ACTION ITEM.
Wherever a picture appears, skip it and retype the rest of the data exactly.
━━━━━ PROVIDED DATA ━━━━━
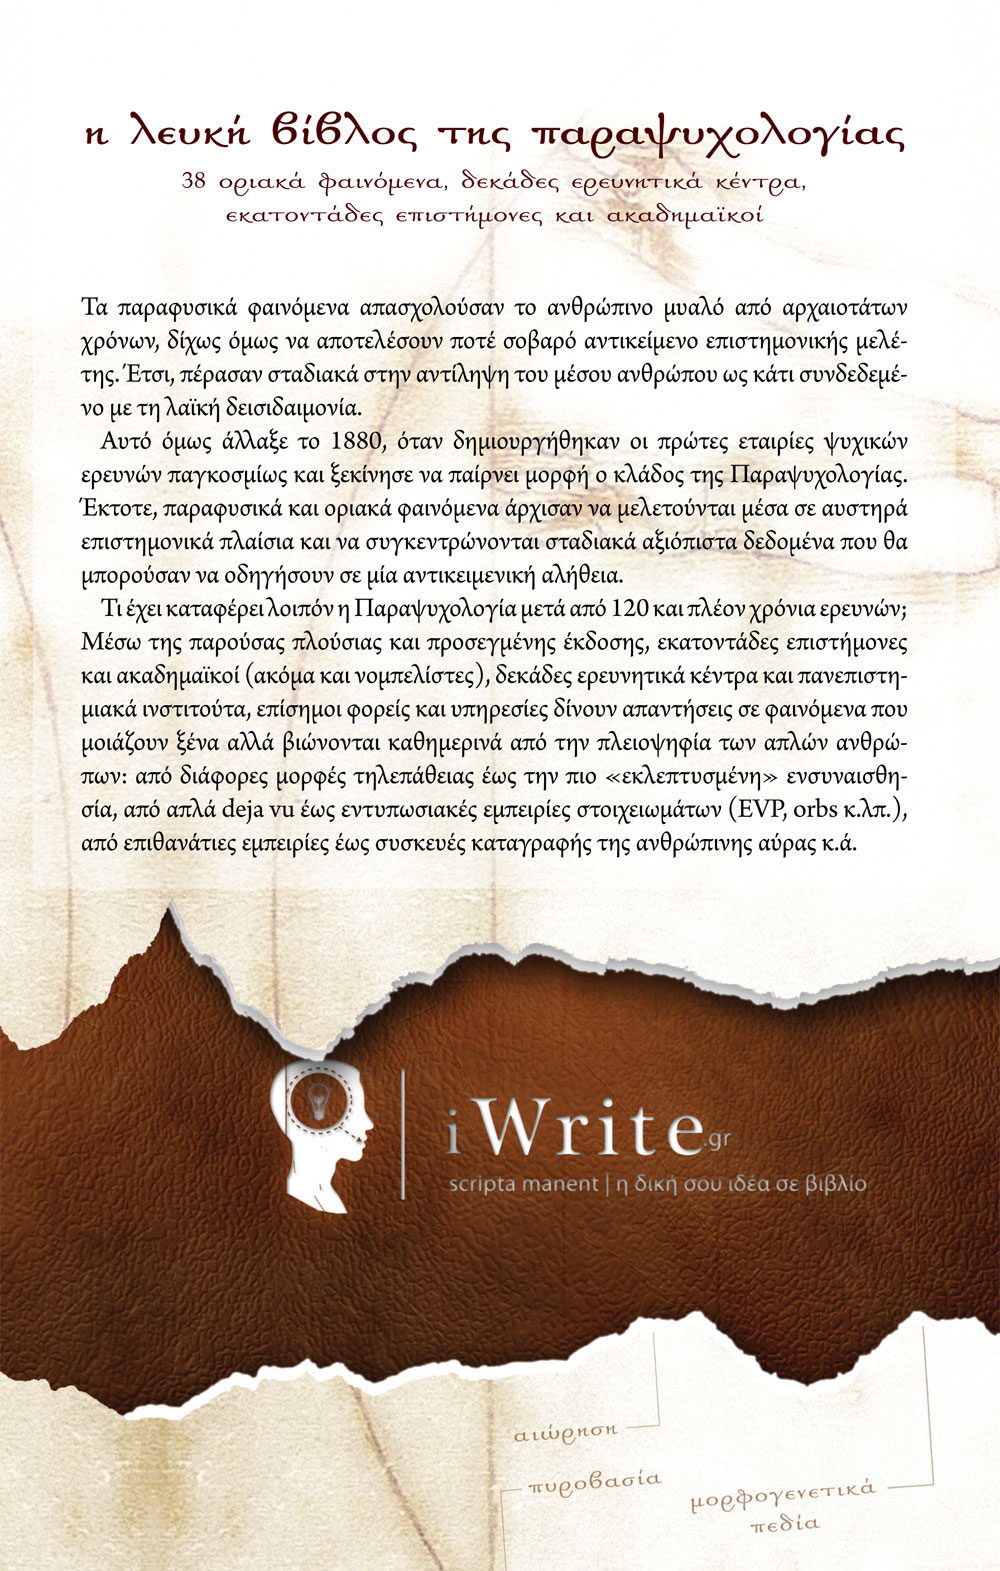 Οπισθόφυλλο, Η Λευκή Βίβλος της Παραψυχολογίας, Εκδόσεις Πηγή
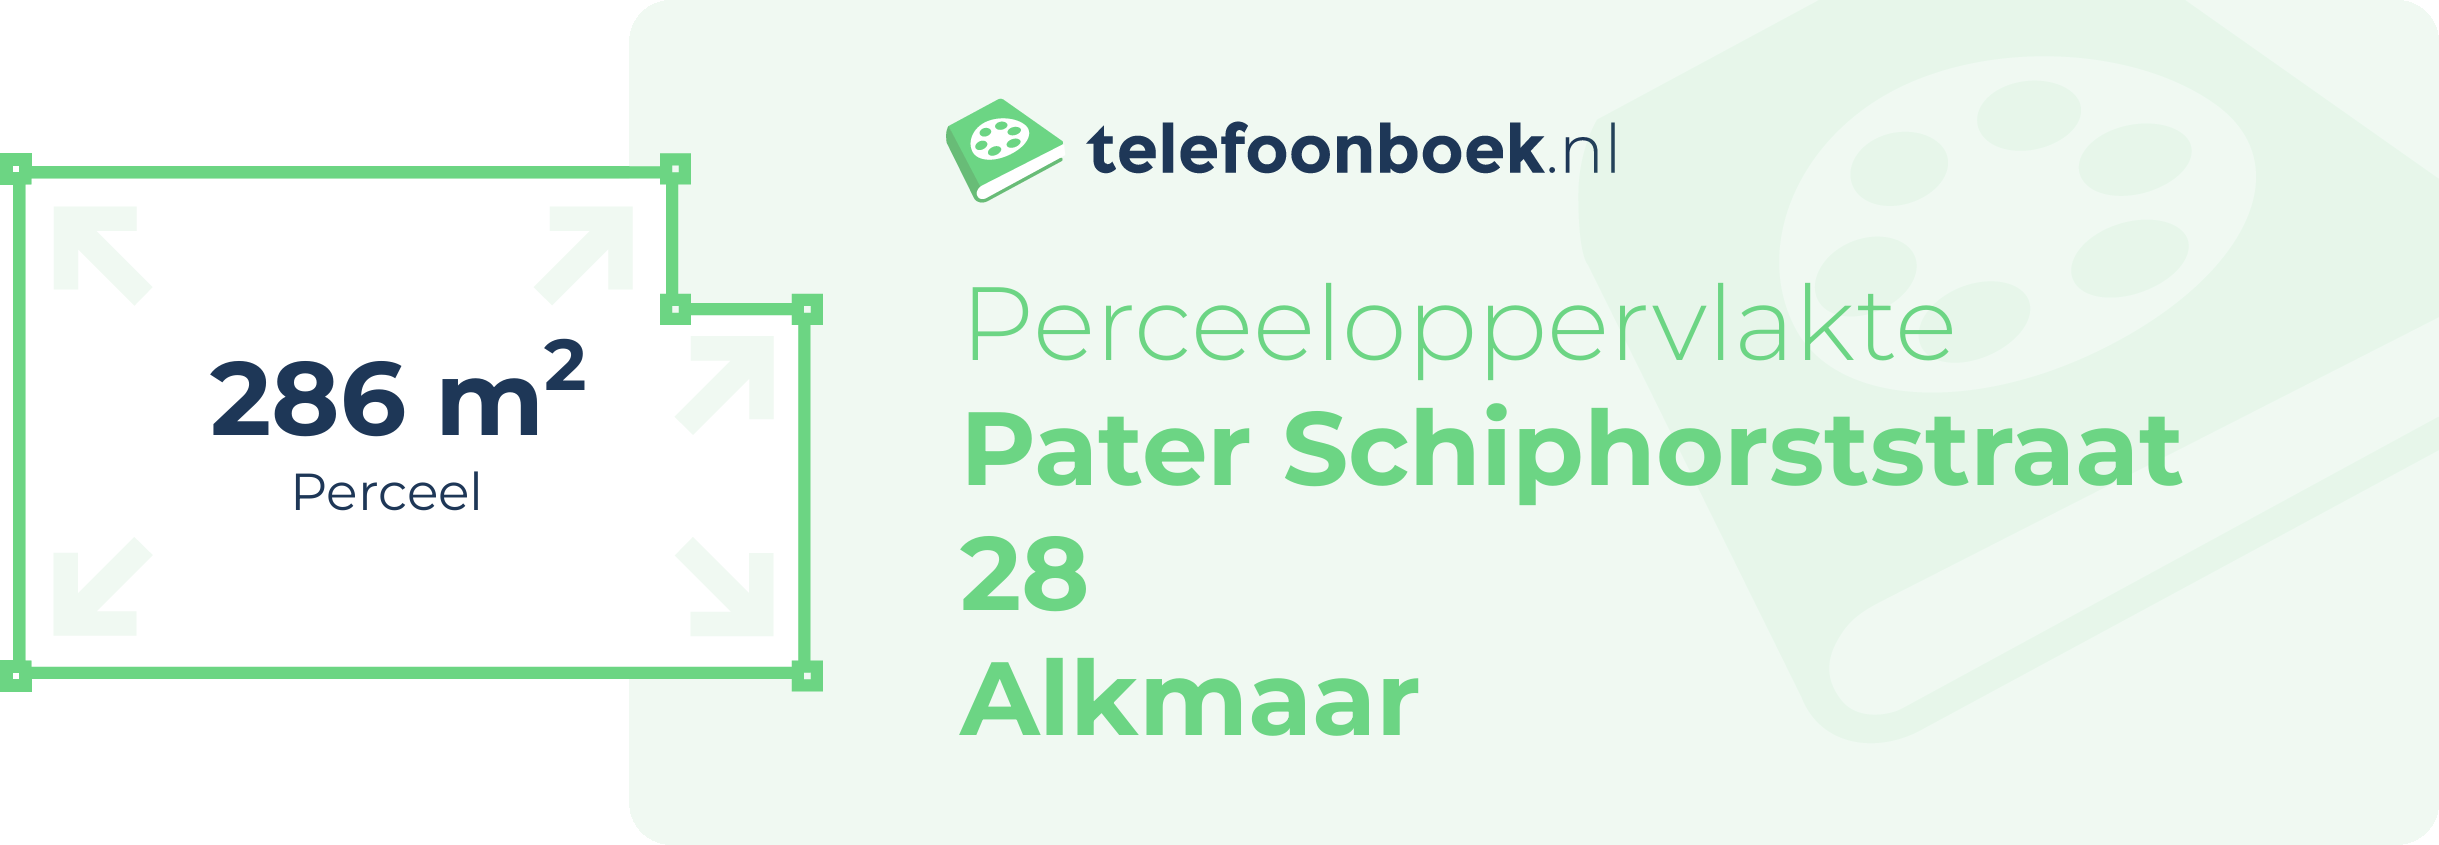 Perceeloppervlakte Pater Schiphorststraat 28 Alkmaar
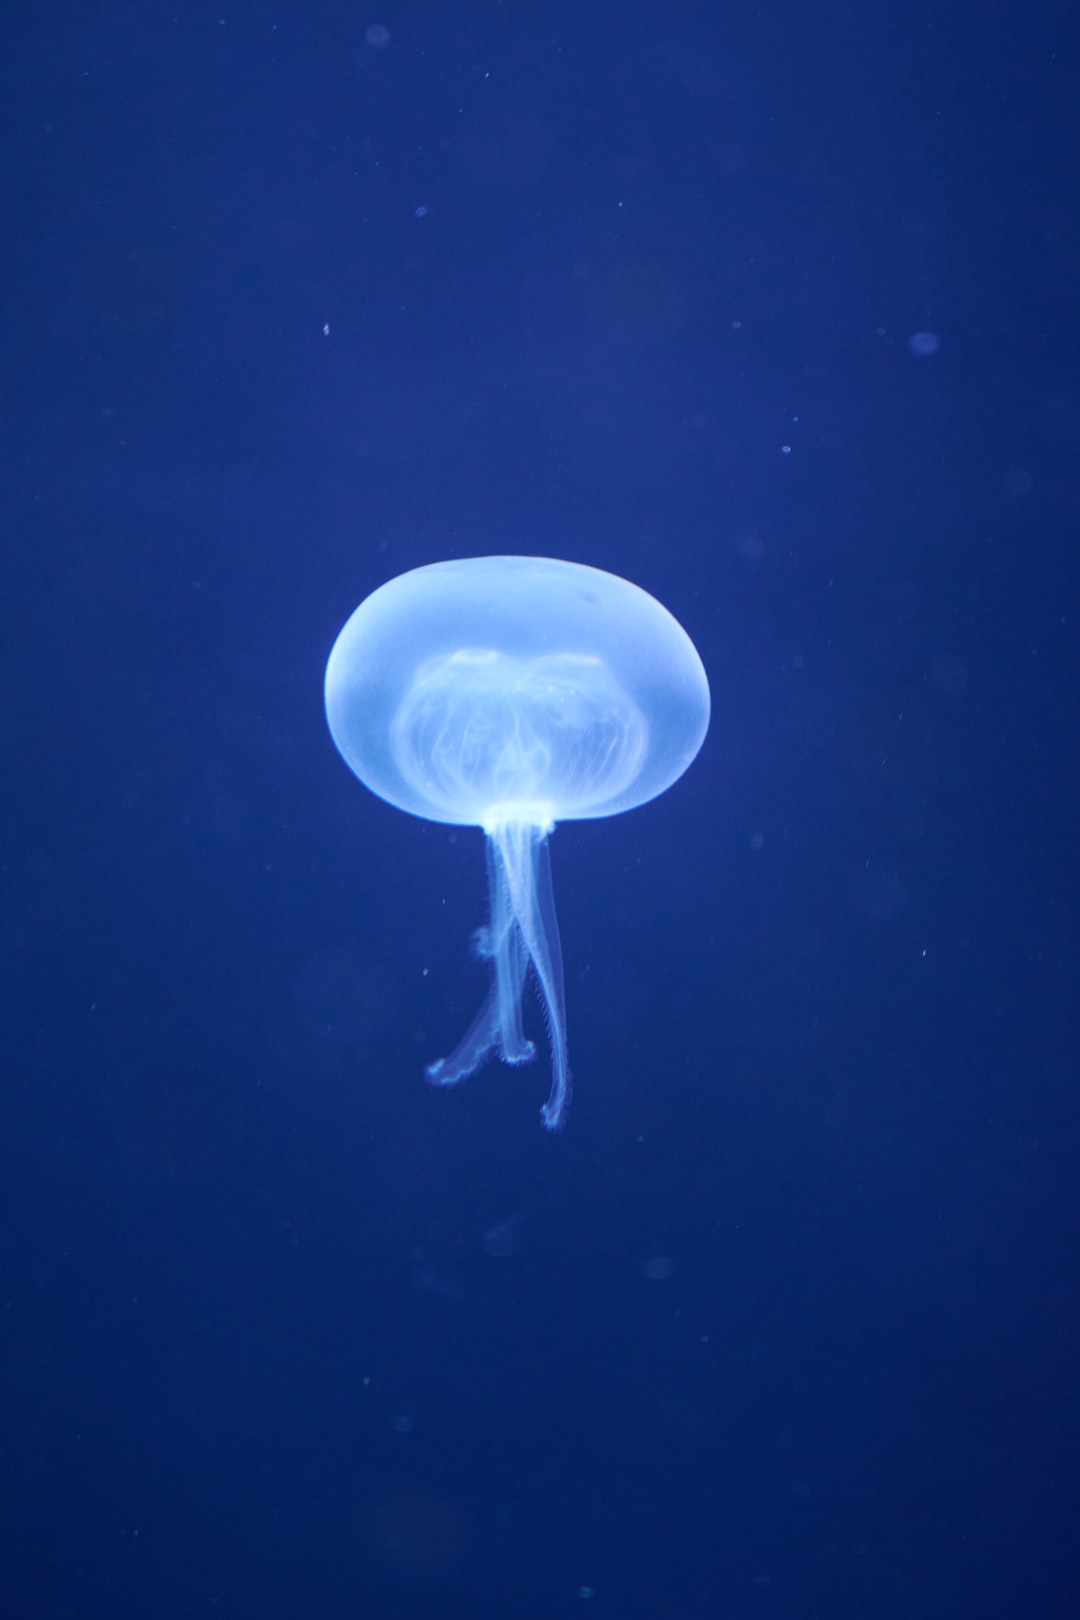 25 wichtige Fragen zu Wie Intelligent Ist Ein Oktopus?
━━━━━
COMPLETED EXERCISE.
 Οπισθόφυλλο, Η Λευκή Βίβλος της Παραψυχολογίας, Εκδόσεις Πηγή
 Perceeloppervlakte Pater Schiphorststraat 28 Alkmaar
 25 wichtige Fragen zu Wie Intelligent Ist Ein Oktopus?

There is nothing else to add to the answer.